## Data for analysis
'''
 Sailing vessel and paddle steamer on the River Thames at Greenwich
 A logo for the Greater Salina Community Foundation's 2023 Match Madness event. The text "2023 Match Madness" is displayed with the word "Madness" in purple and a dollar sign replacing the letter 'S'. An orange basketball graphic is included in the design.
'''
'''
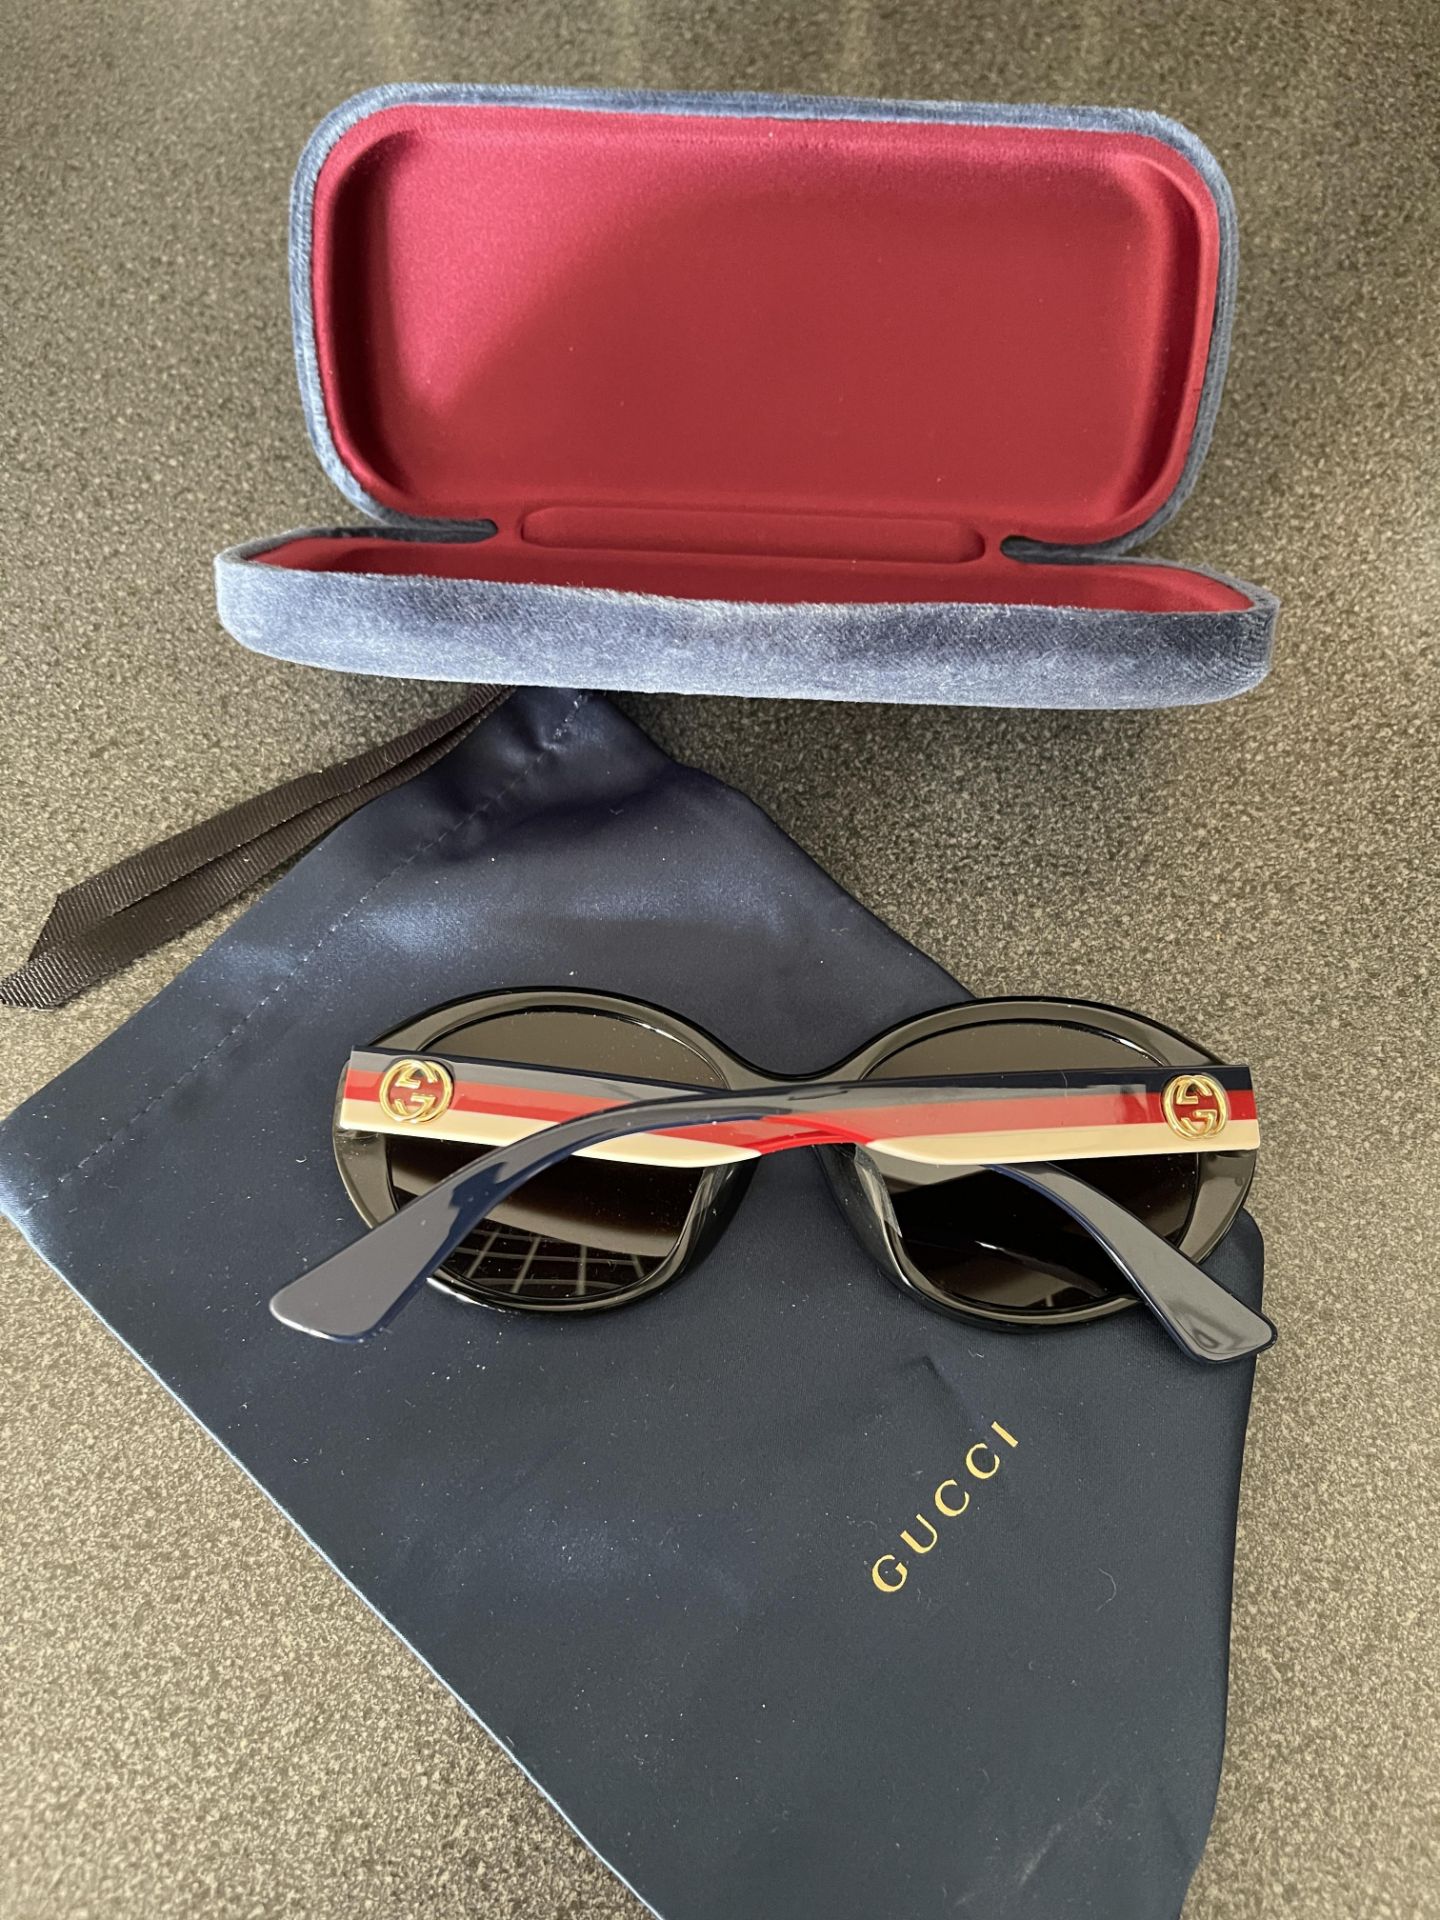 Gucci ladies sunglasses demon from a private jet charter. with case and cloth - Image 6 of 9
'''
## Your objective
Please copy, exactly and with nothing else, the lines above beginning at the line that has "Sailing vessel and" and ending with the line that has "A logo for the".

## Answer area
 Sailing vessel and paddle steamer on the River Thames at Greenwich
 A logo for the Greater Salina Community Foundation's 2023 Match Madness event. The text "2023 Match Madness" is displayed with the word "Madness" in purple and a dollar sign replacing the letter 'S'. An orange basketball graphic is included in the design.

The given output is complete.